The overall framework of PaperRobot is shown in figure 2.

Table 1 shows the examples generated from the entire process.

Table 1: comparison of papers written by humans with those written by AI (bold for entities related to the subject; italics for manual editing)

For a detailed description of the algorithm for each step, please read the original paper.)

Experimental process and results

Data collection

We collected biomedical papers from the PMC Open access subset. Citing a paper for human written papers to construct a predicted ground truth of the new title, we assume that the title of paper An is generated from "conclusions and future work" of paper B. We constructed background knowledge maps from 1687060 papers, including 30483 entities and 875698 relationships. Table 2 shows detailed data statistics.

Table 2 Statistical results of thesis writing

Automatic evaluation

Previous studies have shown that automatic evaluation of long text generation is a major challenge. After the story is generated, we use METEOR to measure the relevance of the article topic to a given title, and use perplexity to further evaluate the quality of the language model.

The confusion score of our model is based on the language model learned in PubMed papers (500000 topics, 50000 abstracts, 50000 conclusions and future work), which were not used for training or testing in our experiments. The results are shown in Table 3. Our framework is superior to all previous approaches.

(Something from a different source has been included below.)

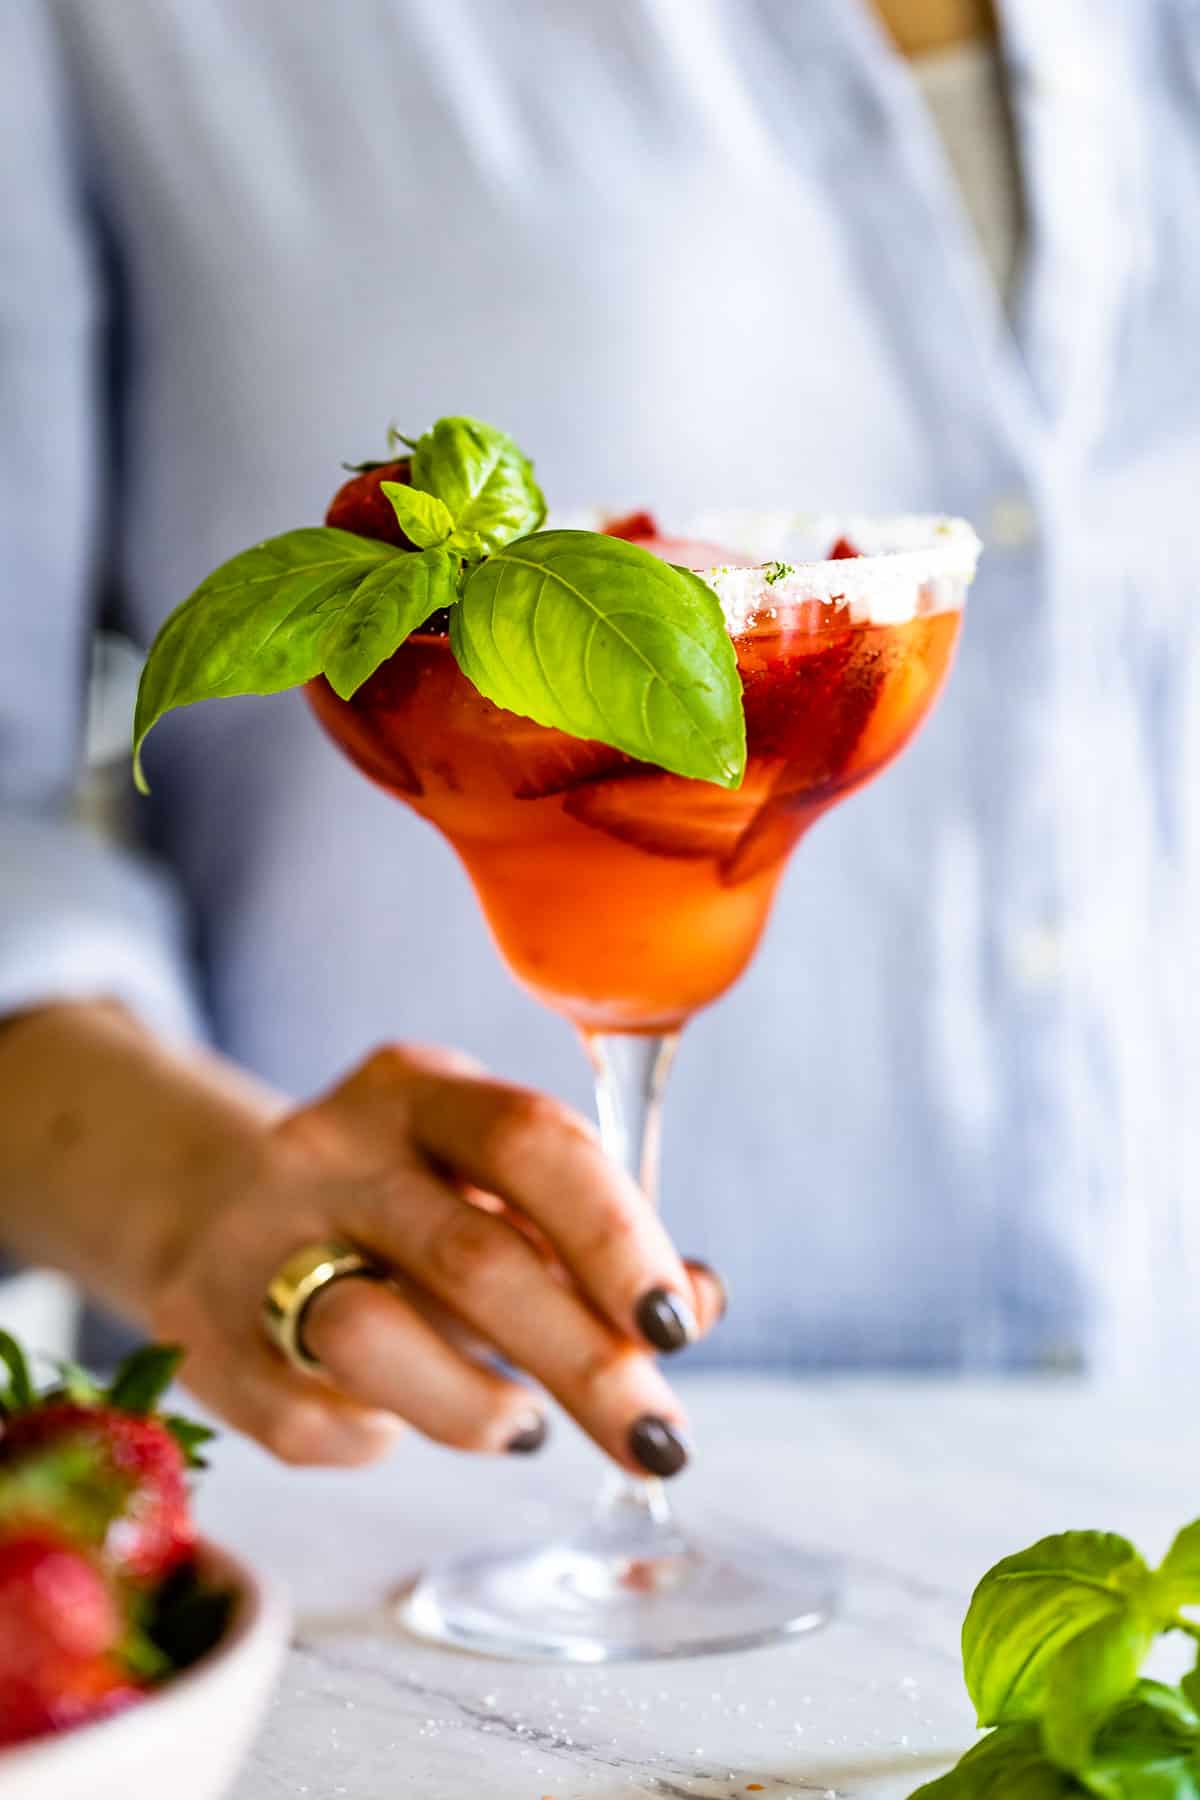 Strawberry Basil Margarita being served by a woman

Table 3 results of automatic evaluation of diagnostic task paper writing

Turing test

The model was tested by biomedical experts (non-native speakers) and non-experts (native speakers). In the test, each human is required to compare the string output of the system and the string created by the human, and select a string of higher quality.

Table 4 Turing test results of the model (%). The percentage indicates how often the human referee chooses our model to output results. If the output string (such as summary) is based on the same input string (such as title), the input condition is marked "same", otherwise it is marked "different".

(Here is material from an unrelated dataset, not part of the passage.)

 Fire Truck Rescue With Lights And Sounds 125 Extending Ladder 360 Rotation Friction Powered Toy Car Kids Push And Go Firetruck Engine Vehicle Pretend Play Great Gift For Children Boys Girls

It can be seen that in the selection of experts, the selection rate of abstracts generated by PaperRobot is up to 30% higher than that of human abstracts, the "conclusions and future work" section is up to 24%, and the new title is up to 12% higher. The performance of experts in the field is not significantly better than that of non-experts, because these two groups of people tend to focus on different aspects: experts focus on content (entities, topics, etc.), rather than experts on language.

Human post-editing

In order to measure the effectiveness of PaperRobot as a writing assistant, we randomly selected 50 abstracts generated by the system in the first iteration and asked experts in the field to edit them until the experts thought that the edited abstracts were informative and coherent enough. The score was then given by BLEU,ROUGE and TER by comparing the quality of the summary before and after human editing, as shown in Table 5. It took the expert about 40 minutes. Completed the editing of 50 abstracts.

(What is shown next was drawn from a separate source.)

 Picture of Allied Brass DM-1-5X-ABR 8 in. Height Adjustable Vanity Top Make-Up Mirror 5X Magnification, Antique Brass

Some post-edited examples. You can see that most of the editing content is a change in form.

Chinese undergraduates invent Little Talent

Qingyun Wang (Wang Qingyun), the first author of this thesis, is a senior at Rensselaer Institute of Technology, majoring in computer science and mathematics. Starting in August, he will study for a PhD at the University of Illinois at Urbana-Champaign, majoring in computer science.

Wang Qingyun is very interested in natural language processing, specializing in natural language generation, information extraction and dialogue systems, and has published a number of related papers during his undergraduate course.

Surprisingly, Wang Qingyun's resume also listed two patents, namely, "remote control convenience table" and "household waste oil soap making device", which were obtained in middle school. Among them, "remote control convenience table" won the first prize of the 27th Zhejiang Innovation Competition.

Wang Qingyun, a classmate in middle school.

It seems that classmate Wang has invented talents since he was a child. Needless to say, the AI essay writing machine is also a good invention for the benefit of mankind. I look forward to Wang's continued improvement.